Alan W. Weinblatt, Esq., Jane L. Prince, Esq., and Weinblatt Gaylord PLC, St. Paul, MN, counsel for defendant.
ORDER
This matter is before the court on defendant Mo-Tech Corporation's ("Mo-Tech") motion for summary judgment. After a review of the file, record and proceedings herein, and for the following reasons, the court grants Mo-Tech's motion.
BACKGROUND
This employment dispute arises out of Mo-Tech's October 1, 2007, termination of plaintiffs Scott Johnson ("Johnson"), Richard Rahlf ("Rahlf") and Frank Stelter ("Stelter"). Mo-Tech is a privately-held Minnesota corporation that manufactures molds for consumer products and the automotive and medical industries. (Nielsen Dep. 17-19.) Johnson, Rahlf and Stelter began working at Mo-Tech as mold makers in 1990, 1992 and 1998, respectively. While at Mo-Tech, plaintiffs received positive performance reviews and were ranked among the most experienced and highest paid mold makers. (Kaster Aff. Exs. 3-6.)

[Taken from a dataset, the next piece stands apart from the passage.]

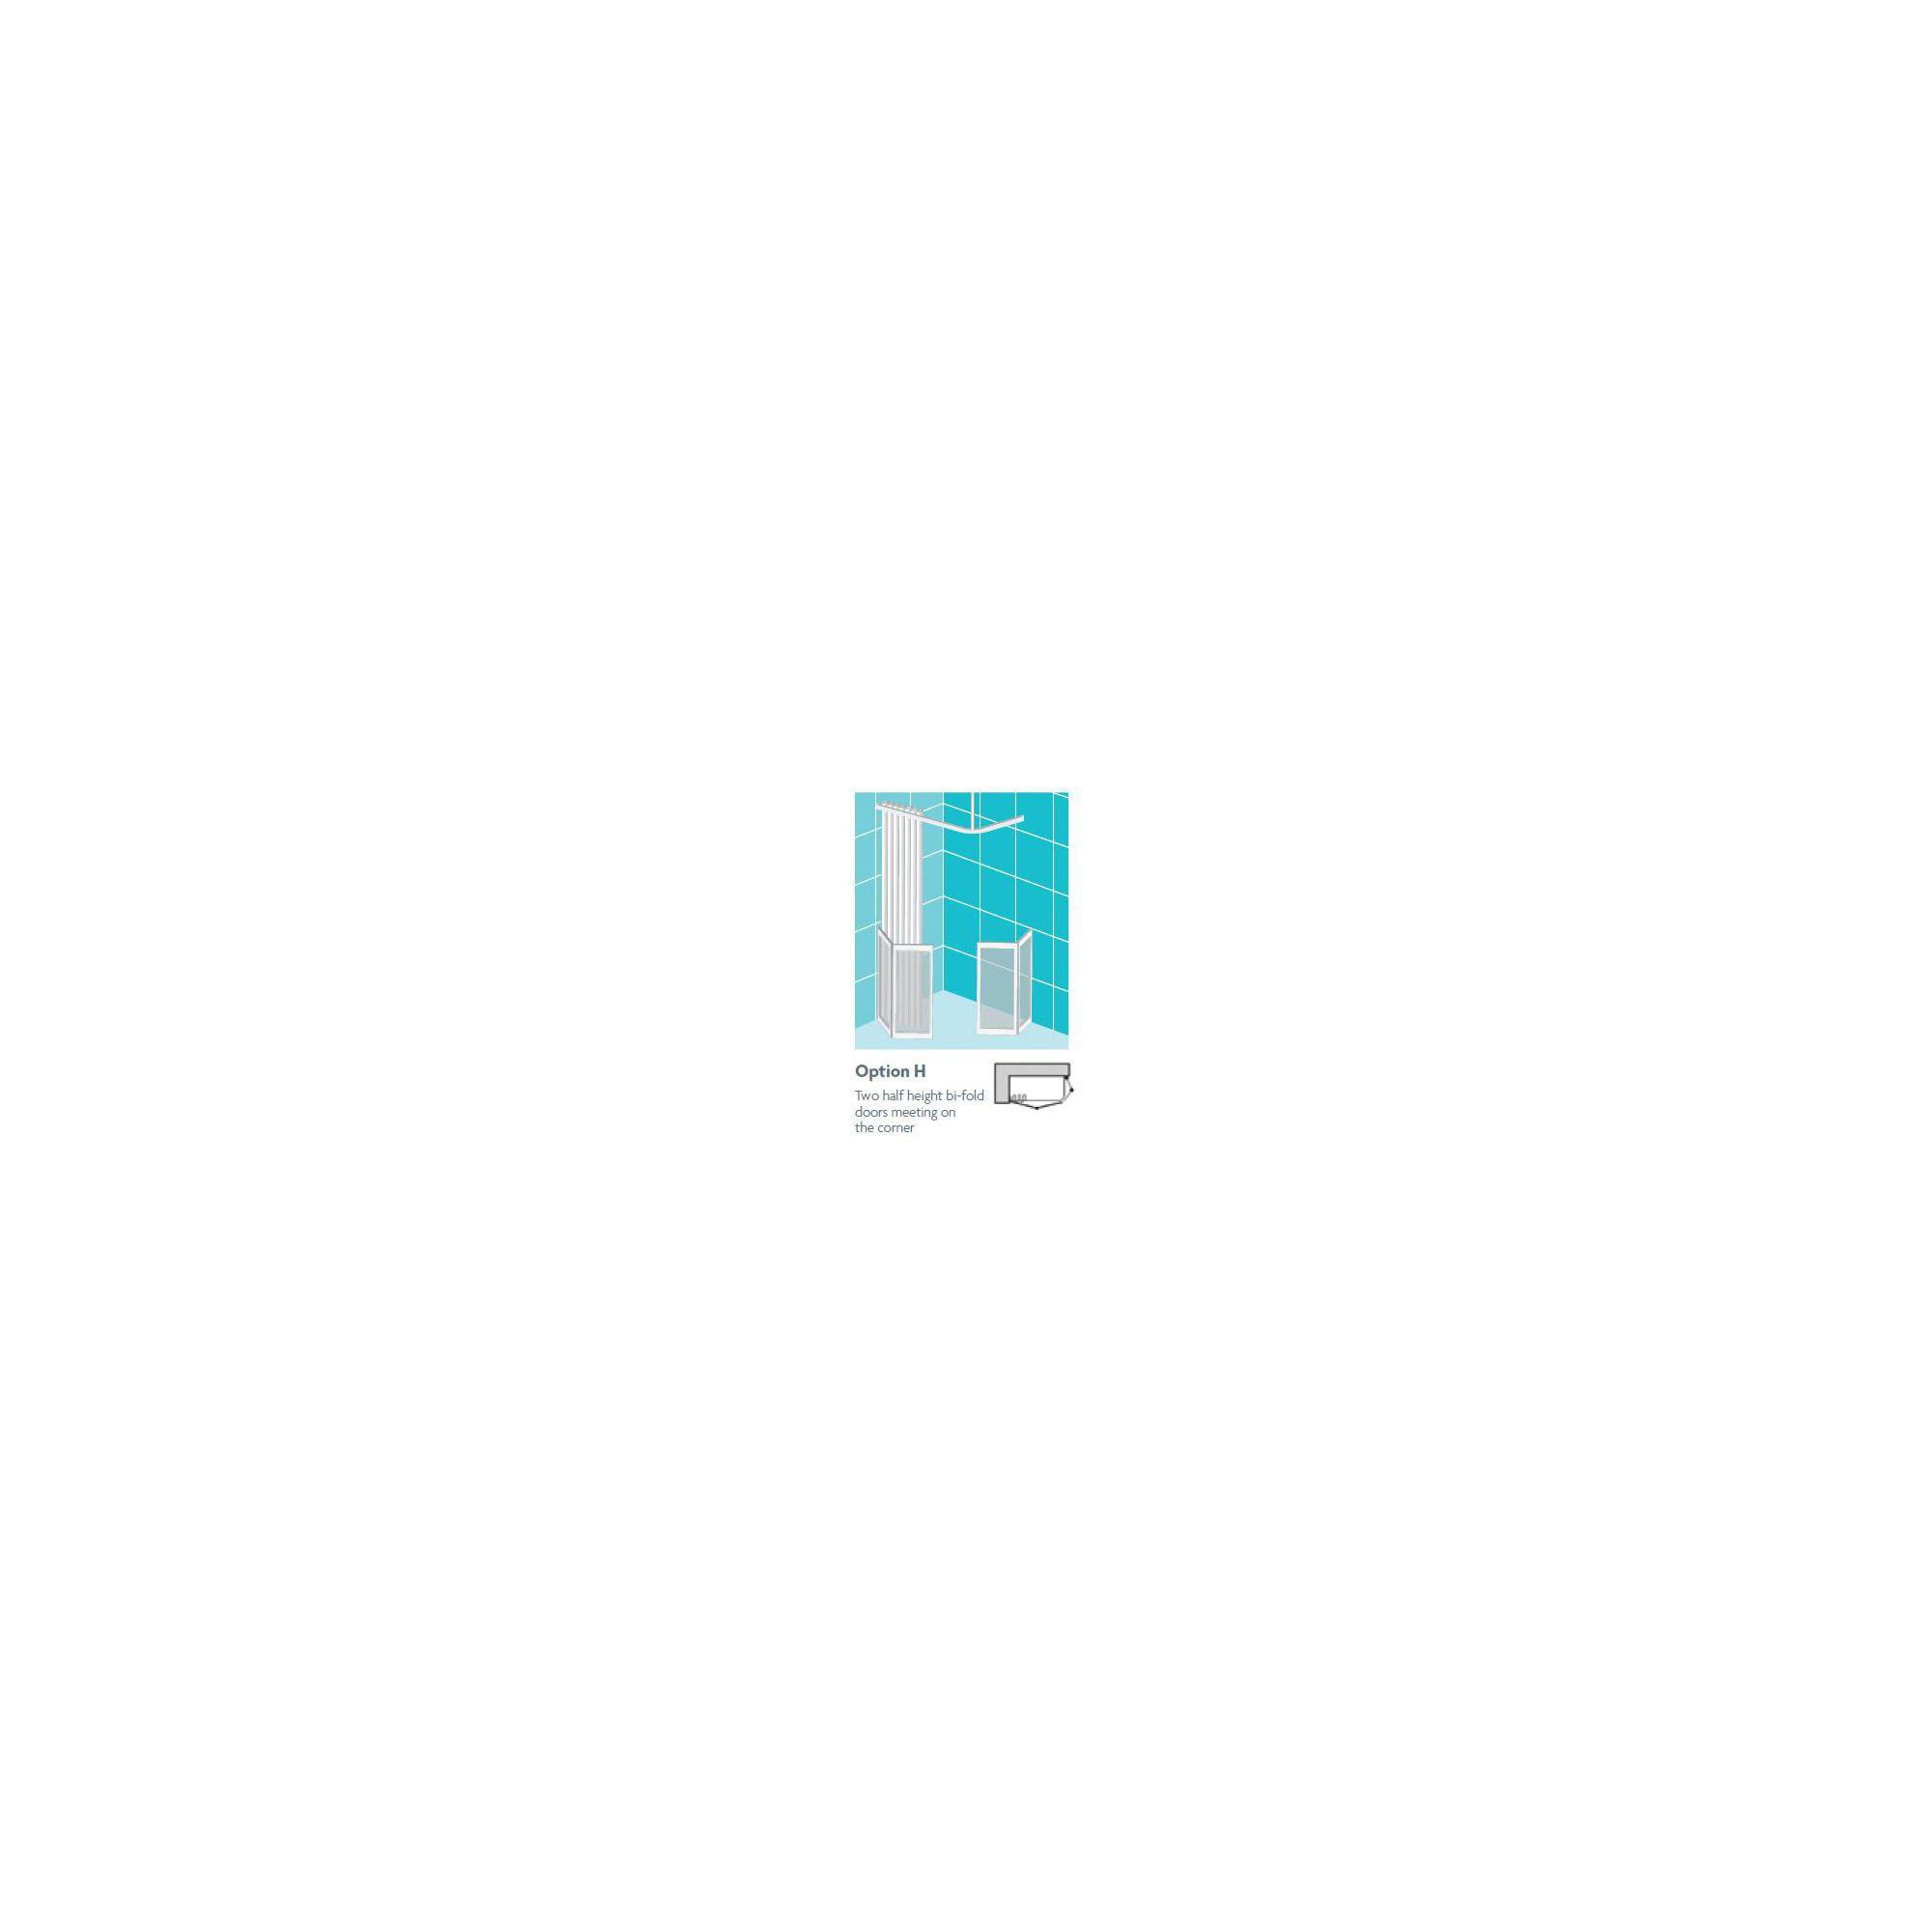 Impey Supreme Corner Door Option H 1050mm x 1050mm at Tesco Direct

In the summer of 2007, the President of Mo-Tech, Tom Nielsen ("Nielsen"), determined that a reduction in force ("RIF") was necessary due to an alleged lack of work. (Nielsen Aff. ¶ 6.) Nielsen met with Operations Manager Tom Pickar and Tooling Manager Tim Pickar throughout September 2007 to assess the number of mold makers to lay off. (Id. ¶ 11; Nielsen Dep. 84-85.) The three men ranked eight of Mo-Tech's eleven Class A mold makers based upon their efficiency, reliability and ability to operate computer numerical control ("CNC") machines. (Nielsen Aff. ¶ 13.) Johnson, Stelter and Rahlf received the lowest rankings and were selected for termination. (Id. ¶¶ 17-19; Nielsen Dep. 84.)

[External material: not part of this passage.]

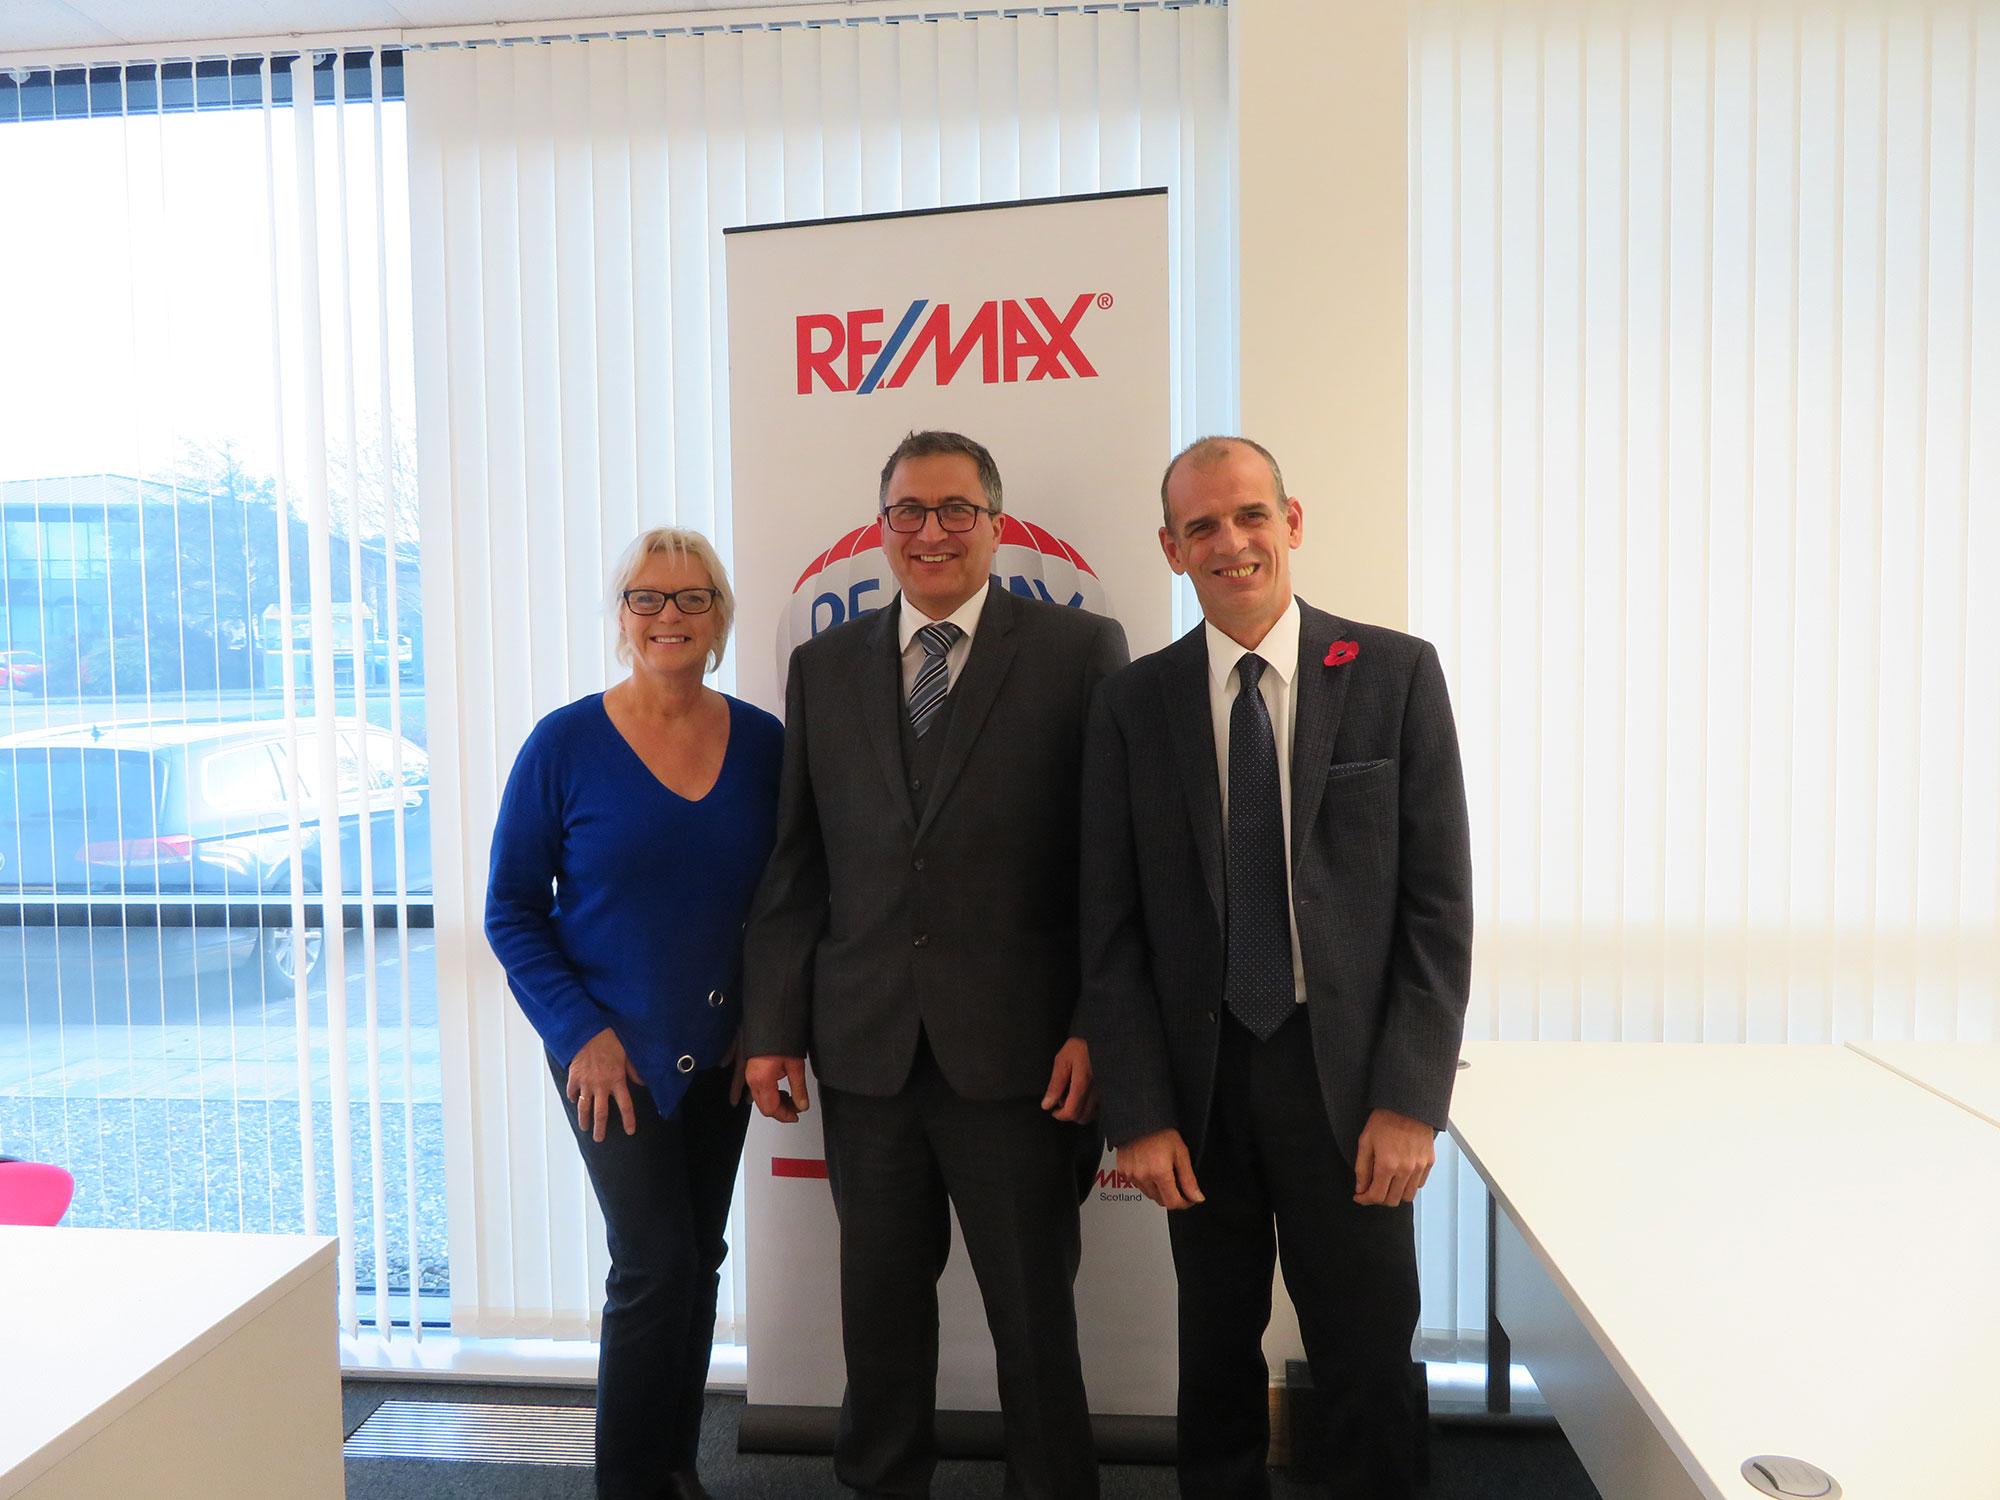 Remax-team-photo-low

The three unranked Class A mold makers performed different duties than the ranked group. (Nielsen Aff. ¶ 15.)
On August 6, 2008, plaintiffs filed a two-count complaint against Mo-Tech, alleging age discrimination in violation of the Age Discrimination in Employment Act ("ADEA") and the Minnesota Human Rights Act ("MHRA"). At the time, Johnson was forty-two years old and Rahlf and Stelter were fifty years old. (Compl. ¶¶ 10, 20, 29.) The court now considers Mo-Tech's May 20, 2009, motion for summary judgment.
DISCUSSION
I. Summary Judgment Standard
Rule 56(c) of the Federal Rules of Civil Procedure provides that summary judgment is appropriate "if the pleadings, depositions, answers to interrogatories, and admissions on file, together with the affidavits, if any, show that there is no genuine issue as to any material fact and that the moving party is entitled to a judgment as a matter of law." See Celotex Corp. v. Catrett, 477 U.S. 317, 322 (1986). A fact is material only when its resolution affects the outcome of the case. Anderson v. Liberty Lobby, Inc., 477 U.S. 242, 248 (1986). A dispute is genuine if the evidence is such that it could cause a reasonable jury to return a verdict for either party. See id. at 252.On a motion for summary judgment, the court views all evidence and inferences in a light most favorable to the nonmoving party.See id. at 255. The nonmoving party, however, may not rest upon mere denials or allegations in the pleadings but must set forth specific facts sufficient to raise a genuine issue for trial. See Celotex, 477 U.S. at 324. Moreover, if a plaintiff cannot support each essential element of his claim, the court must grant summary judgment because a complete failure of proof regarding an essential element necessarily renders all other facts immaterial.Id. at 322-23.
II. Age Discrimination
The ADEA and MHRA prohibit employers from discharging an employee because of the individual's age. See 29 U.S.C. § 623(a); Minn. Stat. § 363A.08, subdiv. 2. "A plaintiff may establish [a] claim of intentional age discrimination through either direct evidence or indirect evidence." King v. United States, 553 F.3d 1156, 1160 (8th Cir. 2009) (citation omitted). In cases involving indirect evidence, as here, the court has traditionally applied the familiar burden-shifting analysis of McDonnell Douglas Corp. v. Green, 411 U.S. 792 (1973). See King, 553 F.3d at 1160. Mo-Tech argues, however, that the McDonnell Douglas analysis no longer applies due to the Supreme Court's recent decision inGross v. FBL Financial Services, Inc., 129 S. Ct. 2343 (2009).
The court analyzes MHRA age discrimination claims under the same framework. See Ramlet v. E.F. Johnson, 507 F.3d 1149, 1152 (8th Cir. 2007).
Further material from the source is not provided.